Warrnambool Racing Club

Horse racing, in Warrnambool is an important tradition almost as old as the settlement itself. The first organised races were held in 1848, only eight months after Warrnambool was proclaimed. That meeting was held on Jetty Flat, the only place without trees and scrub and level enough to require little preparation.

Francis Tozer had a horse Black Bess at that first meeting. Tozer was later a founding member of the Warrnambool Racing Club, and a breeder and owner of racing thoroughbreds for many years. The Tozer Welter was named after him. He farmed land at Wangoom that is still known as Tozer's

The Warrnambool Amateur Turf Club was first formed in September 1859, but didn't become a properly constituted club until April 1873, when a meeting was held at the Commercial Hotel, now the Whaler's Inn, and a committee was elected.

Part of the present racecourse of 100 acres was set aside as a racing and recreation reserve in August 1855. It is one of the finest racecourses in Australia, ringed by the gentle slopes of a huge basin. The hill at the back of the grandstand makes a natural gallery, which can accommodate many thousands of spectators.
The first race meeting was held on the course in August 1858. The Warrnambool Racing Club has managed racing at Warrnambool since it was formed on 5 April 1873.

The feature of racing in the district is the Grand Annual Steeplechase. The first steeplechase over the now famous cross-country course was run on 13th June 1872 then known as the Grand Annual Steeplechase. The paddocks now know as Brierly and Granters were first used on that date. The course, over four miles, was made up of different kinds of jumps including a stone wall, a log fence, a ditch and parapet, a paling fence and numerous post and rails.

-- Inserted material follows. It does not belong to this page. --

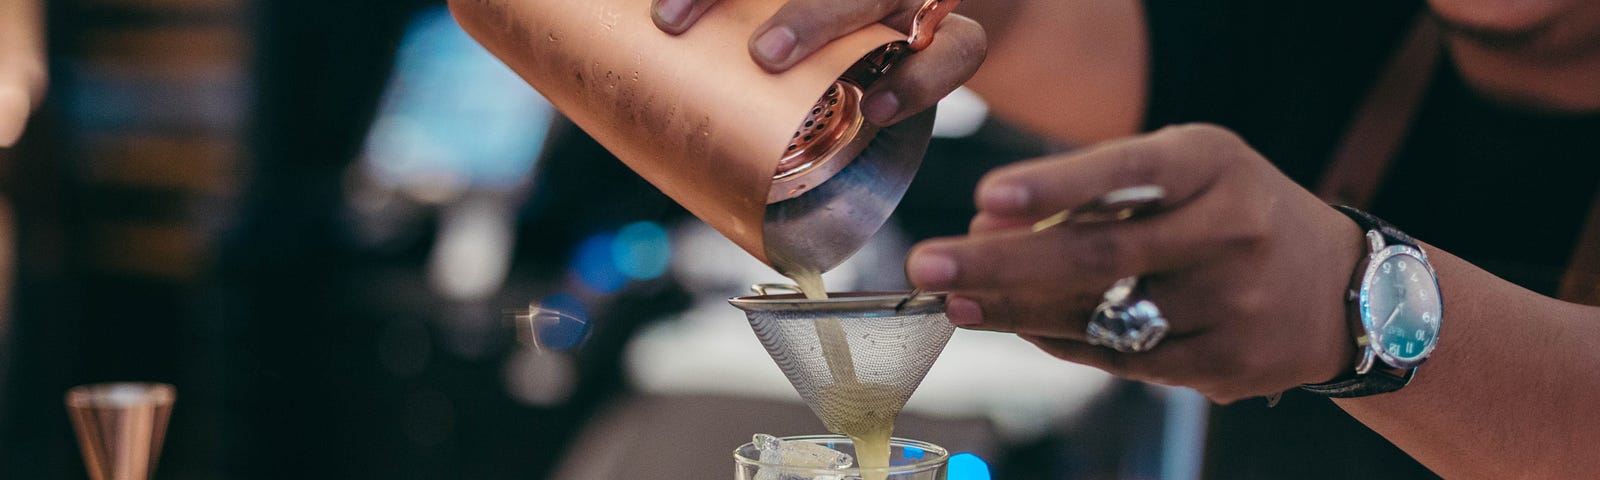 Bartender pouring a cocktail through a strainer

The name Grand Annual was first used for this steeplechase in May 1895. It is the longest horse race in Australia, and the thirty three fences of the course, the most of any steeplechase in the world is raced over 5,500 meters. Since 1936 all of the fences have been brush. Horse run clockwise and counter-clockwise at various points of the race, when re-entering the course proper horses turn left on the first lap and right on the second. This has created problems on many occasions when horses have tried to veer left rather than right second time around.

Galleywood, provided one of the most memorable moments in Grand Annual history in 1986. Two years earlier, the legendary gelding, owned by locals, trained by a local and ridden by a local, strode to victory in the Brierly Steeplechase, only to stumble and fall at the last jump in the Grand Annual with victory in sight. Exhausted, he failed to move and officials placed a screen around him. He emerged moments later from behind the screen to a tumultuous roar from the crowd. His win in the Grand Annual in 1986 by six lengths evoked emotional scenes as he reclaimed the double victory that evaded him two years earlier.

Warrnambool's May Racing Carnival is an annual event held over three days Tuesday to Thursday and is anchored to the first Thursday in May.
In recent years the event has been estimated at attracting around 35,000 patrons from local, national and international to the district.